The last couple days, I have been looking at the history of interpretation of the fifth command (pet peeve: why do we retain the archaic “commandment” only in a biblical context? Biblical commands don’t have any special word in the source languages, so why should we retain an archaism in ours?): “Honor your father and mother.”
Now most scholars, of course, understand that this command fundamentally concerns taking care of one’s parents toward the end of their lives. In a world without retirement funds, Social Security, and the like, children taking care of their aged parents is especially important. This is, of course, the reason the command comes with a promise: if you take care of your parents, you will live a longer life also—since your children will in turn take care of you. The command establishes a culture of the young taking care of the old—ensuring that the old live longer lives.
Like I said, most scholars already know this—though most laypeople probably don’t, instead tending to see the command as directed to children to obey their parents while they are being raised. (In contrast, it is noteworthy that the command does not say, “obey,” but “honor,” and the Law itself generally concerns adults, not young children.) Nonetheless, this “obey” interpretation at least has an admirable objective, and it has some (though qualified) New Testament support in terms of understanding it this way (Eph 6:1–3). At any rate, this interpretation is at the very least not a harmful one, as long as it is understood within the constraints placed on it by the (better textual reading) of Eph 6:1, “in the Lord.” That is to say, as long as children are not taught to give unconditional obedience to anyone but God, but to obey their parents with respect to anything lawful, this interpretation is harmless at the very least.

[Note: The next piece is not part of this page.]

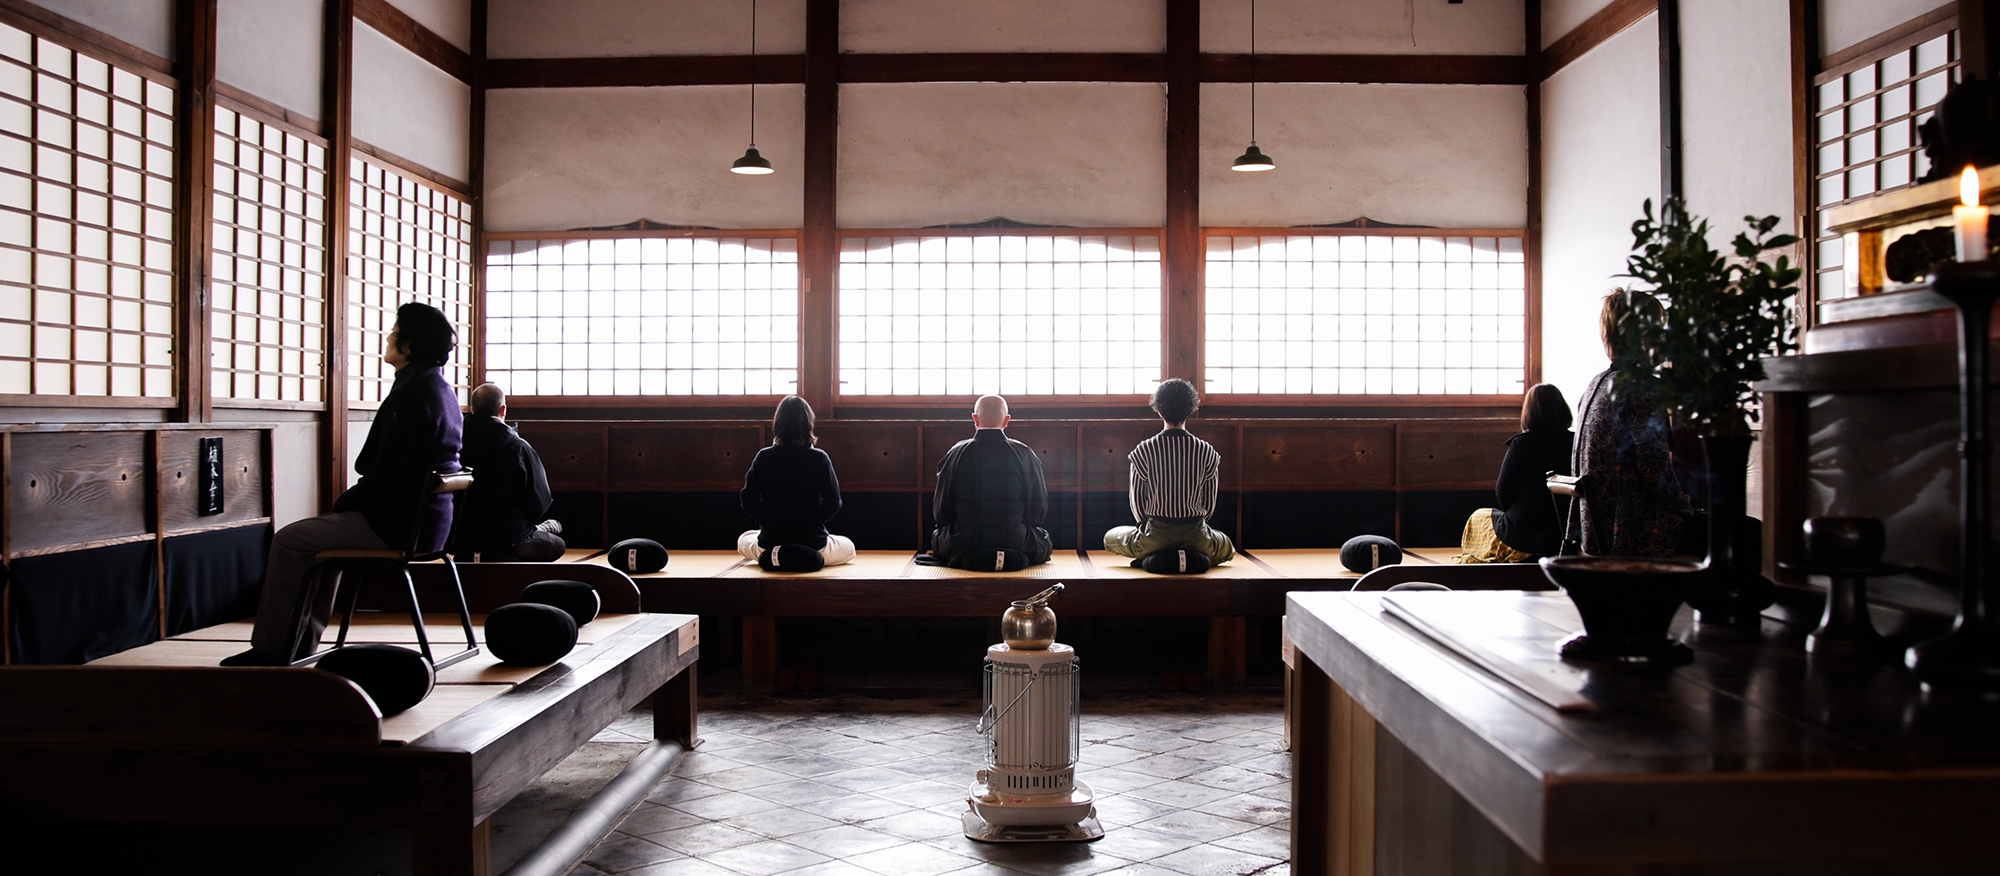 [Kyoto/Uji] Zen meditation and matcha green tea at Koshoji, the oldest Zen temple of the Soto school, plus an exceptional ink calligraphy experience taught by a renowned artist. -Kousho-ji Temple, the oldest Soto Zen temple among more than 14,000 Soto Zen temples in Japan.

Unfortunately, this particular interpretation is sometimes harmfully misapplied to those who are no longer children (violating the point of the Ephesians passage), with parents manipulatively using this concept as leverage or ammunition to ensure control over their grown (or nearly-grown) children. I have too often known of the difficult situation of rather authoritarian parents who use this verse at the drop of a hat to assert their power over their children-turned-young-adults, saying something like, “Well, you could do that, but it wouldn’t be very honoring to your parents, would it?”
I have even observed and heard about college students being guilt-tripped about not asking for permission to leave their college town (or even, in some extreme cases, make a visit to a friend’s home within the college town)—despite the student living hours away from home. It wasn’t enough to let the parents know the trip was happening—permission needed to be asked and granted. Even worse, sometimes this kind of controlling environment even extends into marriage, with the parents of one of the newlyweds still attempting to control and assert authority over his/her son or daughter (anecdotally, it seems like this tends to happen more often with the mother/groom relationship than any of the other possibilities).
It was this sort of abuse of this command that led me to think it might be worth looking over the history of interpretation and posting something about it. While I was looking over various interpretations, I can across a rather interesting find: the traditional Jewish* understanding of this command does indeed extend “honor” to include obedience, but obedience to parental wishes is not required in certain especially important cases, such as the selection of a mate. The obedience required toward a parent extends to anything concerning the well-being of the parent or any other “reasonable” command by a parent. That is, the command to “honor” is still understood largely in the same spirit in which it was given—parents are to be respected (in the sense that the adult child is not to simply cross his/her parents’ wishes for whatever reason) and provided for (cf. Maharik “in matters of physical well-being and support … but [not] in matters that do not affect the parents in these ways).
* I am using “traditional Jewish” as a catch-all term for the majority of Jewish practice and teaching up to now. I understand the problems of using such a nebulous term, but to get into a lengthy source-by-source analysis would quite frankly be beyond the scope of this blog, let alone this post as a single entity.
But the requirement of obedience does not extend to the choice of a spouse—apparently this does not fit within the “reasonable” category. In the test case of a man having chosen a lawful (that is, not from a forbidden line; in modern Judaism it concerns moral character, marrying outside Judaism, etc.) woman to marry and then being forbidden to marry her by his parents, he is not obligated to obey his parents in this case. Even more interesting is the reasoning: the parents have, by forbidding an otherwise lawful marriage, required their son to violate Torah, since it is akin to forcing him to marry a woman not pleasing to him (Deut 24:1). Maharik (an influential 15th Century rabbi) further clarifies, citing Song of Songs 8, evidencing that the parent is effectively opposing God in such a case.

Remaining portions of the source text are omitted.